Par ordonnance en date du 07 octobre 2020, le juge des référés a ordonné une expertise médicale, a désigné le docteur [F] afin de la réaliser, a mis hors de cause la compagnie AXA FRANCE IARD et a condamné la société XL INSURANCE COMPANY SE qui était intervenue volontairement à verser une provision de 2 000 euros à Madame [N] [E].
L’expert a procédé à sa mission et a déposé son rapport le 16 février 2023.
Par actes d’huissier délivrés le 16 mai 2023, Madame [N] [E] a assigné la compagnie XL INSURANCE COMPANY SE pour qu’elle soit condamnée à réparer, sur le fondement de la loi du 05 juillet 1985, le préjudice subi à la suite de l’accident de la circulation précité, ainsi que la caisse primaire d’assurance maladie des Bouches-du-Rhône.
Aux termes de son assignation, à laquelle il y a lieu de se reporter pour l’exposé intégral de ses demandes et moyens, Madame [N] [E] sollicite que lui soient accordées, en réparation de son préjudice corporel, les sommes suivantes :
II) Préjudices extra-patrimoniaux
II-A) Préjudices extra-patrimoniaux temporaires
— Déficit fonctionnel temporaire partiel à 25 % 375 euros
— Déficit fonctionnel temporaire partiel à 10 % 760 euros
— Souffrances endurées 4 000 euros
— Préjudice esthétique temporaire 800 euros
II-B) Préjudices extra-patrimoniaux permanents
— Déficit fonctionnel permanent 2 000 euros
SOIT AU TOTAL 7 935 euros
dont il convient de déduire la somme de 2 000 euros, déjà versée à titre de provision.

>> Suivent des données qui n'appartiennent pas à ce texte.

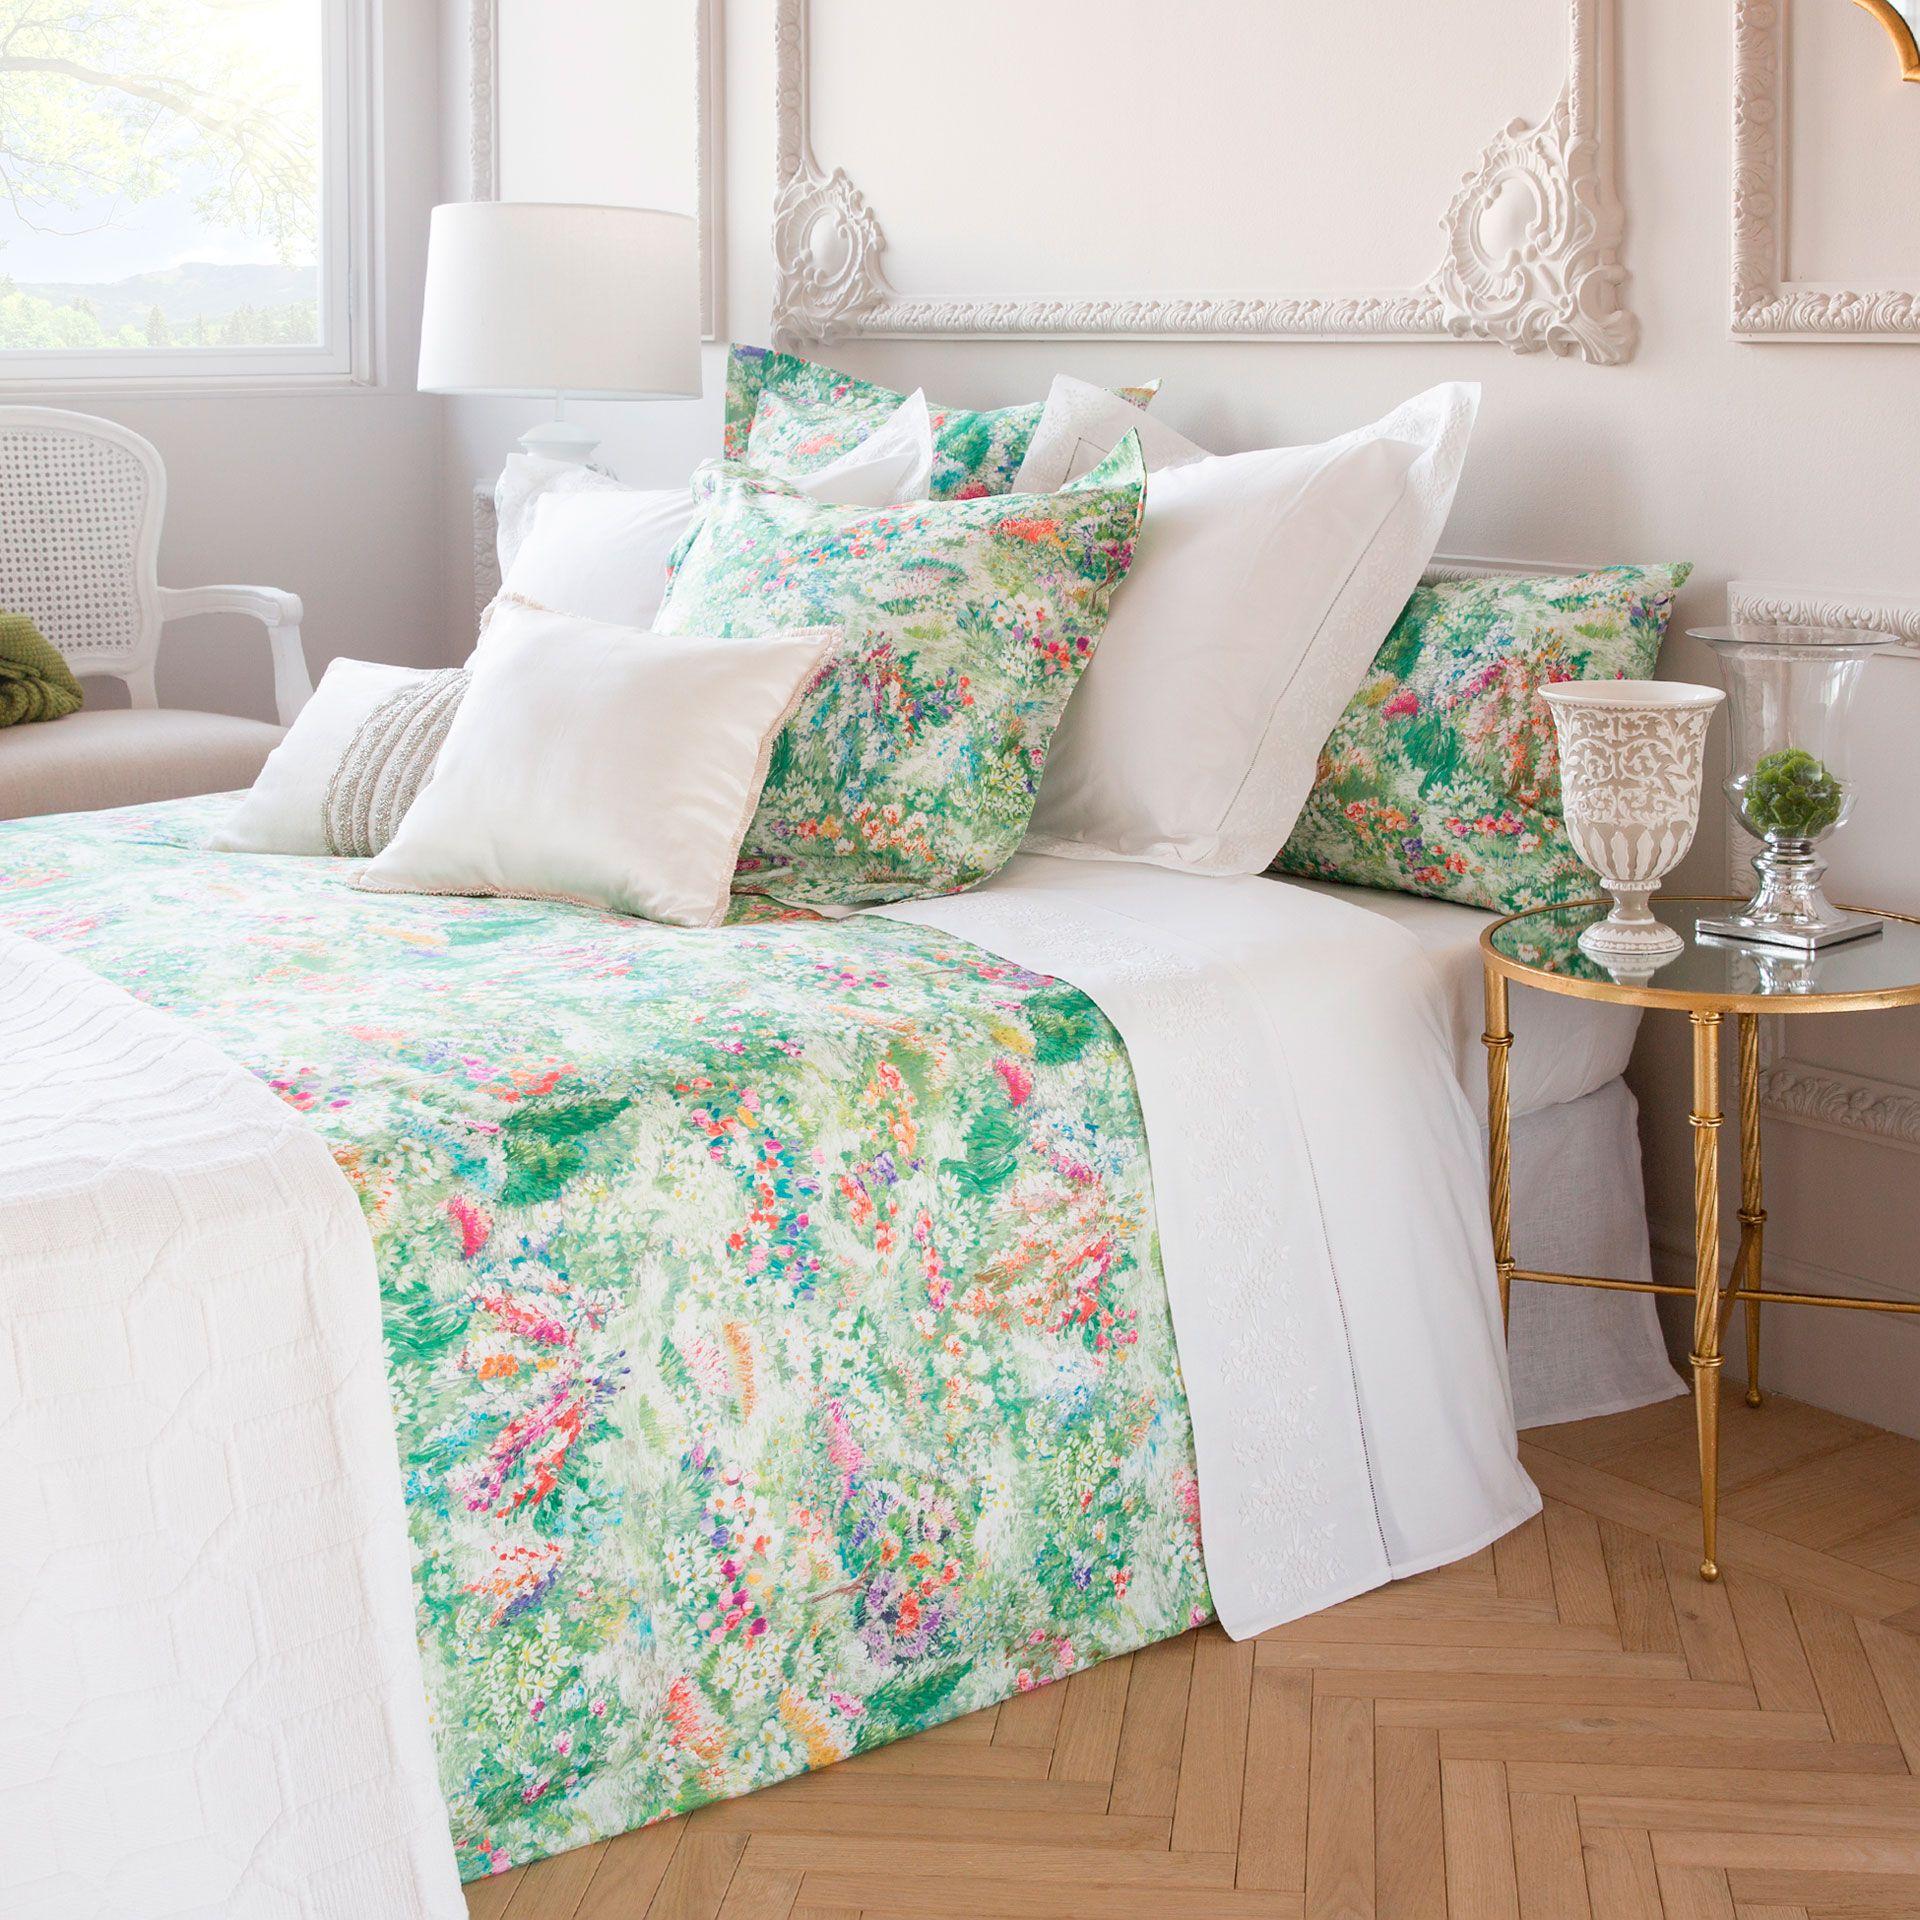 MULTICOLOUR FLORAL PRINT PERCALE BEDLINEN Bed

Madame [N] [E] demande en outre au tribunal de condamner la compagnie XL INSURANCE COMPANY SE au paiement de la somme de 2 500 euros au titre de l’article 700 du code de procédure civile ainsi qu’aux entiers dépens.
Par conclusions notifiées le 19 septembre 2023, auxquels il y a lieu de se reporter pour l’exposé intégral de ses demandes et moyens, la compagnie XL INSURANCE COMPANY SE ne conteste pas le droit à indemnisation de Madame [N] [E] mais sollicite :
— le débouté concernant la demande portant sur le préjudice esthétique temporaire,
— la réduction des autres prétentions émises,
— la déduction de la somme allouée à titre provisionnel,
— le rejet de la demande formulée en vertu de l’article 700 du code de procédure civile et des dépens,
— l’exclusion de l’exécution provisoire.
L’ordonnance de clôture est intervenue le 22 janvier 2024.
L’affaire a été appelée à l’audience du 02 décembre 2024 et mise en délibéré au 16 décembre 2024.
L’organisme social bien que régulièrement mis en cause ne comparaît pas et n’a pas fait connaître le montant de ses débours. La présente décision sera réputée contradictoire à l’égard de toutes les parties, conformément aux dispositions de l’article 474 du code de procédure civile.
MOTIVATION DE LA DECISION
Sur le droit à indemnisation
Il convient de donner acte à la compagnie XL INSURANCE COMPANY SE qu’elle ne conteste pas devoir indemniser Madame [N] [E] des conséquences dommageables de l’accident du 14 février 2020.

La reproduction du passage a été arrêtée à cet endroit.